We have known Norma Somers for over fifty years and last week I found that she once lived in downtown White Center.
At the time, the town was only about two blocks long but it was a busy crossroad. She was a young mother with two kids; she and her husband both worked at Boeing and rented a house from Art Mullen on 15th SW.
Mullen was somewhat of a pioneer, having arrived there around 1915, accumulated some acreage and opened a business.
When I arrived he was chairman of the Southwest suburban sewer district and instrumental in building the first sewage treatment plant for the Highline district at the mouth of Salmon Creek.
Norma went to Cleveland High and at age 18 she worked for Boeing as an Aero Mechanic, working on the B-17 airplane at Plant Two in a shop under the approach to the bridge crossing the Duwamish River. She was assigned to work rust proofing landing-gear assemblies.

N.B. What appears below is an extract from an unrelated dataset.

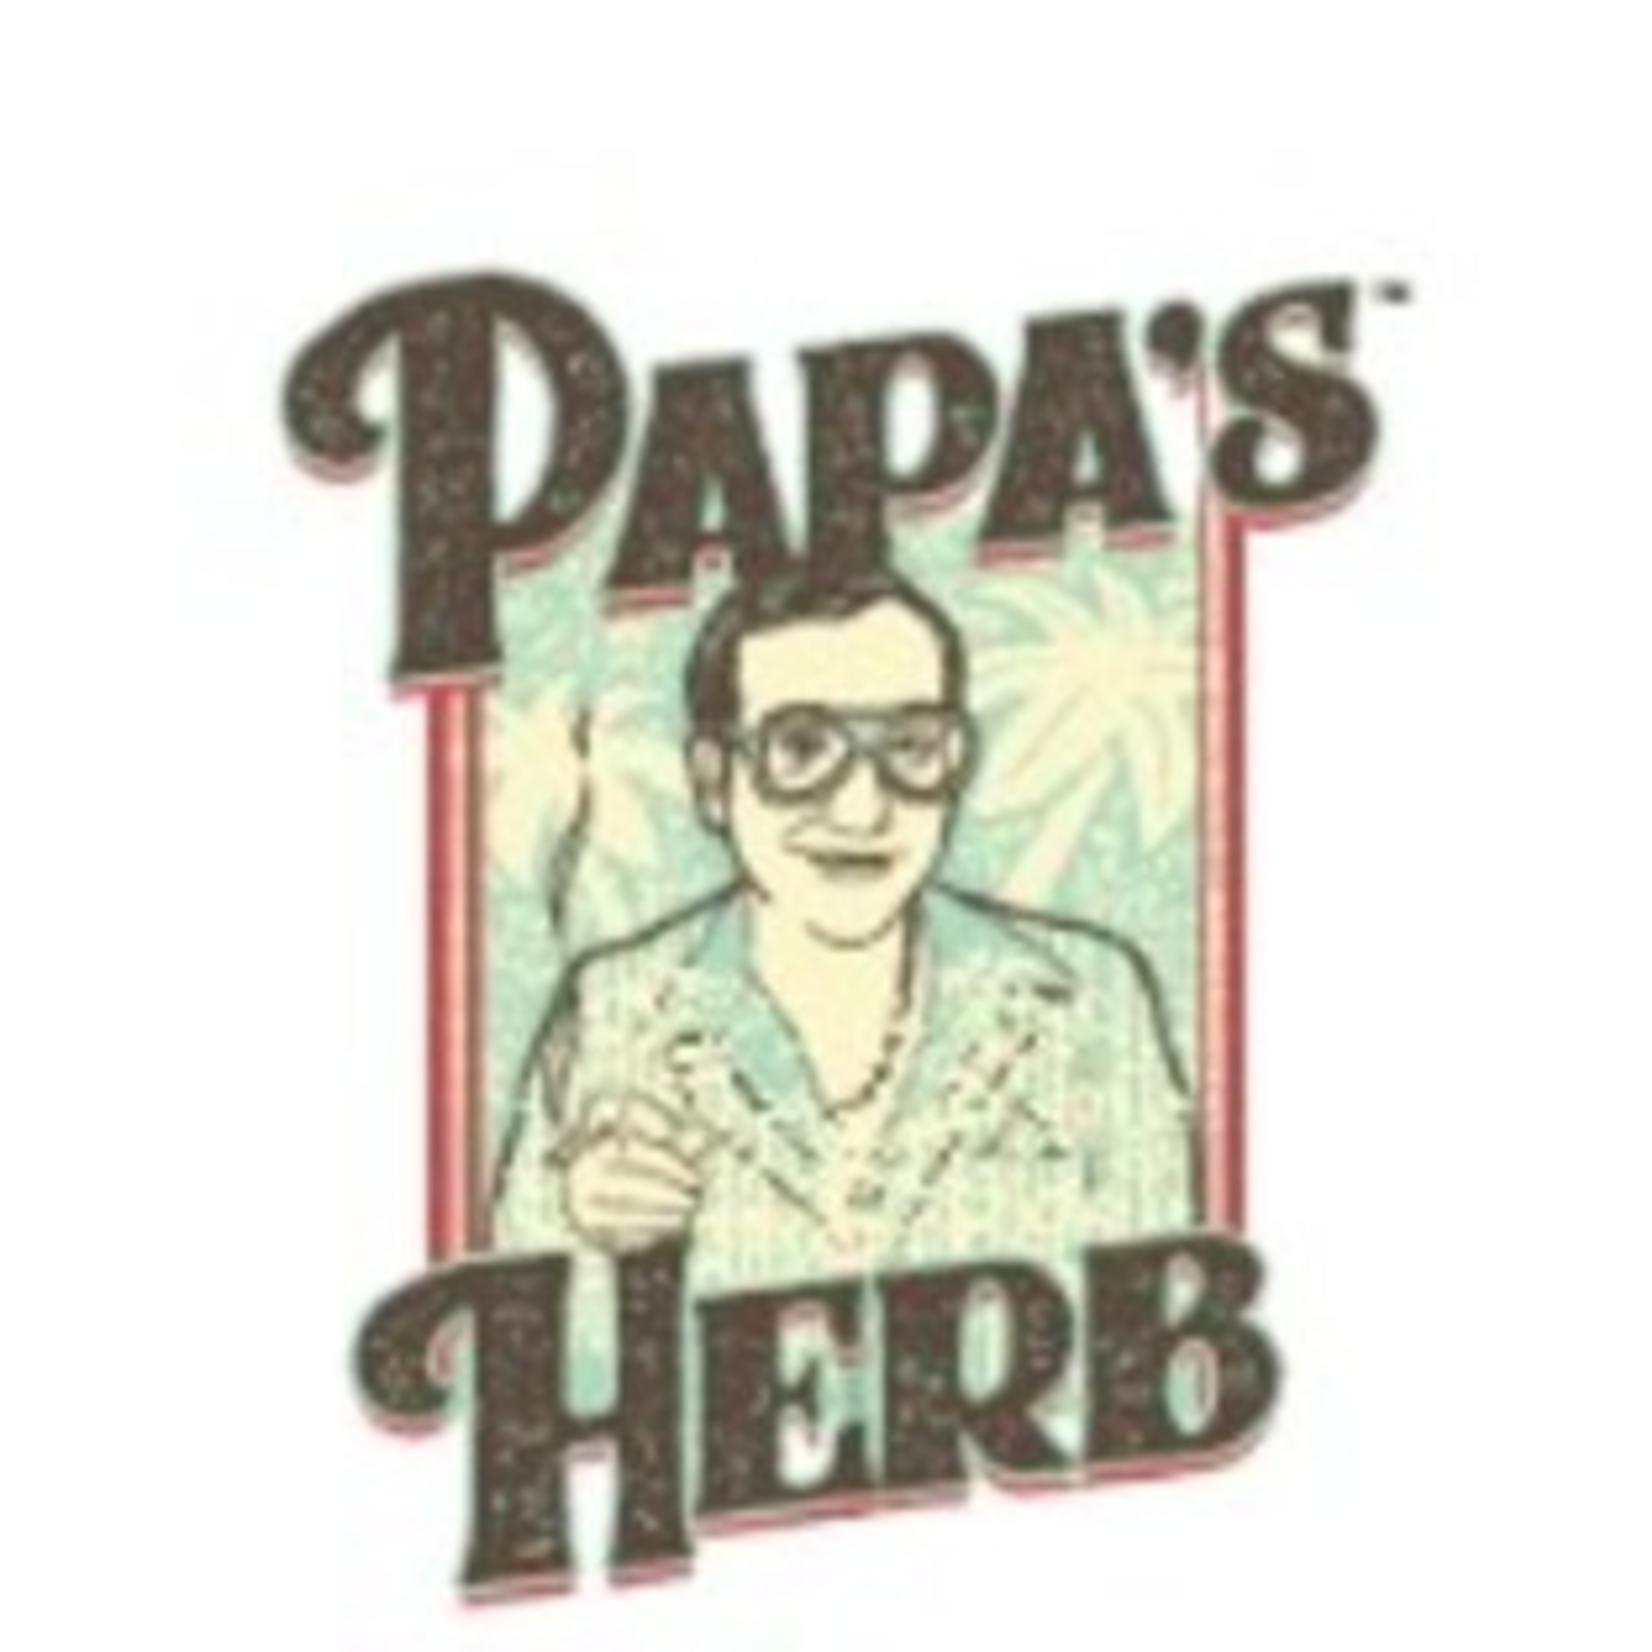 Papas Herb - Pineapple Express 1/2g

That bridge is now closed but will hopefully reopen when King County and Seattle find the money.
I was working as an electrician in Shop 206 on the second floor right above Norma where we assembled instrument panels for B-17 bombers. I had no inkling she existed one floor below.
But she also had no inkling that one of her fellow workers was me sailing paper airplanes out of a window that often crashed on the bridge. (On lunch hour, boss.)

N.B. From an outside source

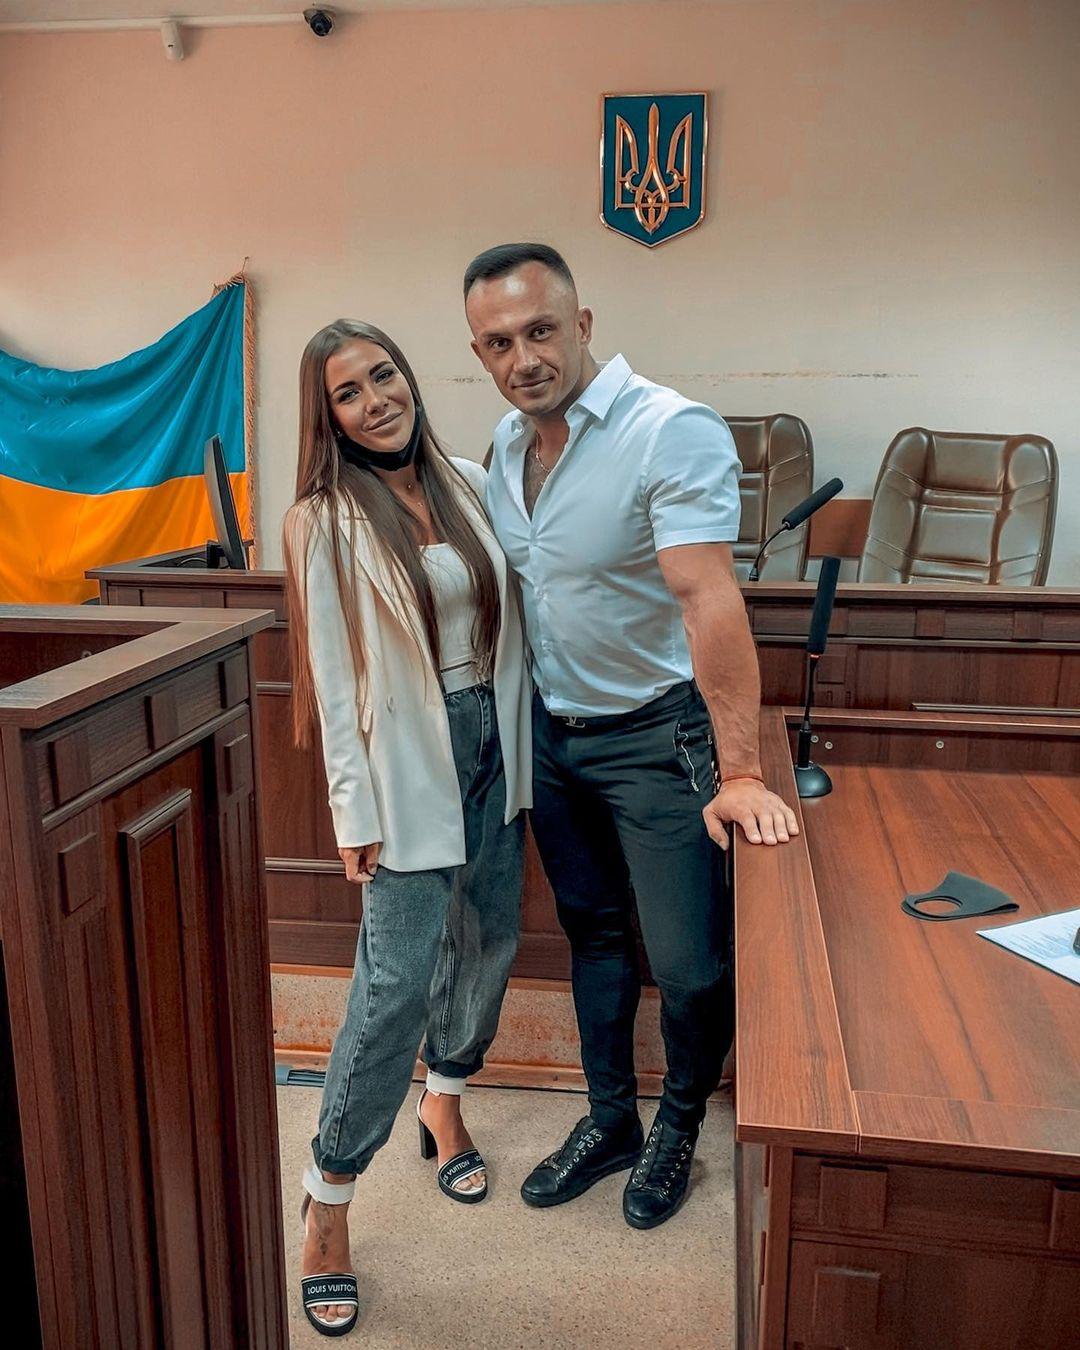 София Стужук и Дмитрий Стужук в зале суда

And I doubt the paper planes ever did damage the structure. That bridge just plain wore out.
I did not even meet Norma till years later when she was working in a Des Moines market her husband had built with his own hands and I tried to sell him advertising. The store was on the main drag and recently became a sports bar.
He went on to build a much bigger store in Des Moines many years later that is now a Red Robin hamburger spot.
She knew John Somers long before they went on to build and operate their successful bunch of supermarkets.
Each drove a bus for several years after the big war. She drove for Suburban Transportation and he drove for competing Furze Bus lines.
After she had divorced her first husband, Johnny talked her into marriage and together they built a successful Thriftway stores grocery chain.
They operated the stores for many years in Kent, Auburn, Federal Way and Smokey Point and sold them and retired.